Last week, prominent Google artificial intelligence researcher Timnit Gebru said she was fired by the company after managers asked her to retract or withdraw her name from a research paper, and she objected. Google maintains that she resigned, and Alphabet CEO Sundar Pichai said in a company memo on Wednesday that he would investigate what happened.
The episode is a pointed reminder of tech companies’ influence and power over their field. AI underpins lucrative products like Google’s search engine and Amazon’s virtual assistant Alexa. Big companies pump out influential research papers, fund academic conferences, compete to hire top researchers, and own the data centers required for large-scale AI experiments. A recent study found that the majority of tenure-track faculty at four prominent universities that disclose funding sources had received backing from Big Tech.
Ben Recht, an associate professor at University of California, Berkeley, who has spent time at Google as visiting faculty, says his fellow researchers sometimes forget that companies’ interest doesn’t stem only from a love of science. “Corporate research is amazing, and there have been amazing things that came out of the Bell Labs and PARC and Google,” he says. “But it’s weird to pretend that academic research and corporate research are the same.”
Ali Alkhatib, a research fellow at University of San Francisco’s Center for Applied Data Ethics, says the questions raised by Google’s treatment of Gebru risk undermining all of the company’s research. “It feels precarious to cite because there may be things behind the scenes, which they weren’t able to talk about, that we learn about later,” he says.
Alkhatib, who previously worked in Microsoft’s research division, says he understands that corporate research comes with constraints. But he would like to see Google make visible changes to win back trust from researchers inside and outside the company, perhaps by insulating its research group from other parts of Google.

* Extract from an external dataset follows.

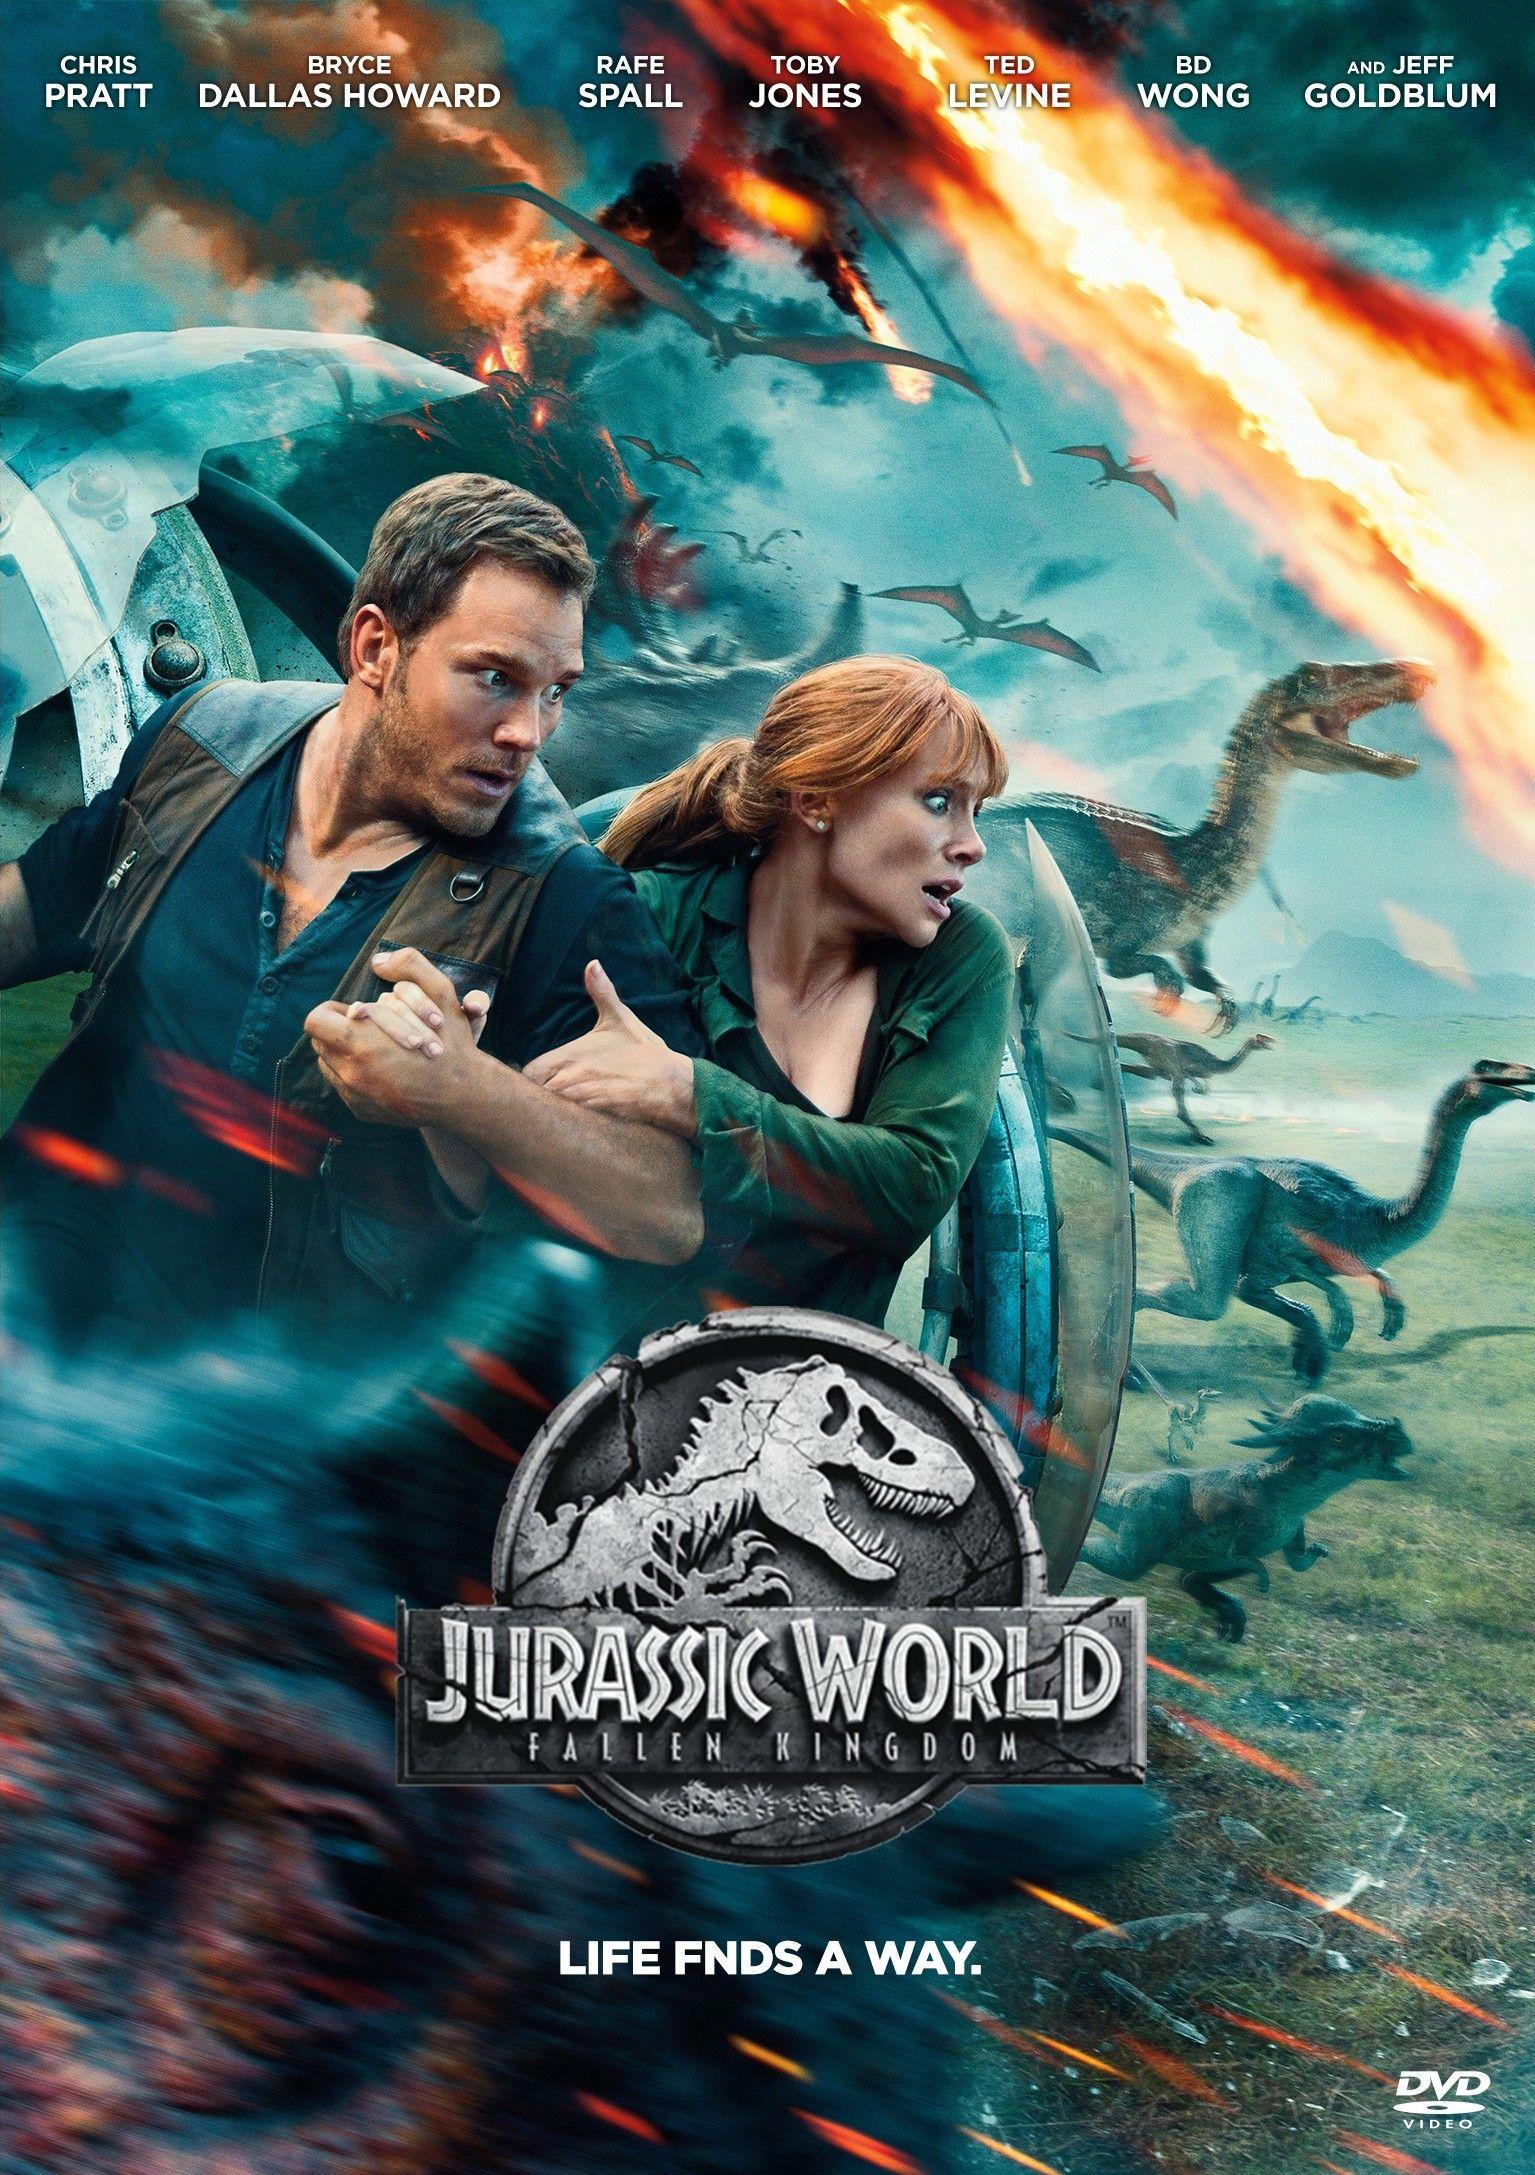 Jurassic Park (2018) Fallen Kingdom in 2020 Falling

The paper that led to Gebru’s exit from Google highlighted ethical questions raised by AI technology that works with language. Google’s head of research, Jeff Dean, said in a statement last week that it “didn’t meet our bar for publication.”
Gebru has said managers may have seen the work as threatening to Google’s business interests, or an excuse to remove her for criticizing the lack of diversity in the company’s AI group. Other Google researchers have said publicly that Google appears to have used its internal research review process to punish her. More than 2,300 Google employees, including many AI researchers, have signed an open letter demanding the company establish clear guidelines on how research will be handled.
Meredith Whittaker, faculty director at New York University’s AI Now institute, says what happened to Gebru is a reminder that, although companies like Google encourage researchers to consider themselves independent scholars, corporations prioritize the bottom line above academic norms. “It’s easy to forget, but at any moment a company can spike your work or shape it so it functions more as PR than as knowledge production in the public interest,” she says.
Whittaker worked at Google for 13 years but left in 2019, saying the company had retaliated against her for organizing a walkout over sexual harassment and to undermine her work raising ethical concerns about AI. She helped organize employee protests against an AI contract with the Pentagon that the company ultimately abandoned, although it has taken up other defense contracts.
Machine learning was an obscure dimension of academia until around 2012, when Google and other tech companies became intensely interested in breakthroughs that made computers much better at recognizing speech and images.
The search and ads company, quickly followed by rivals such as Facebook, hired and acquired leading academics, and urged them to keep publishing papers in between work on company systems. Even traditionally tight-lipped Apple pledged to become more open with its research, in a bid to lure AI talent. Papers with corporate authors and attendees with corporate badges flooded the conferences that are the field’s main publication venues.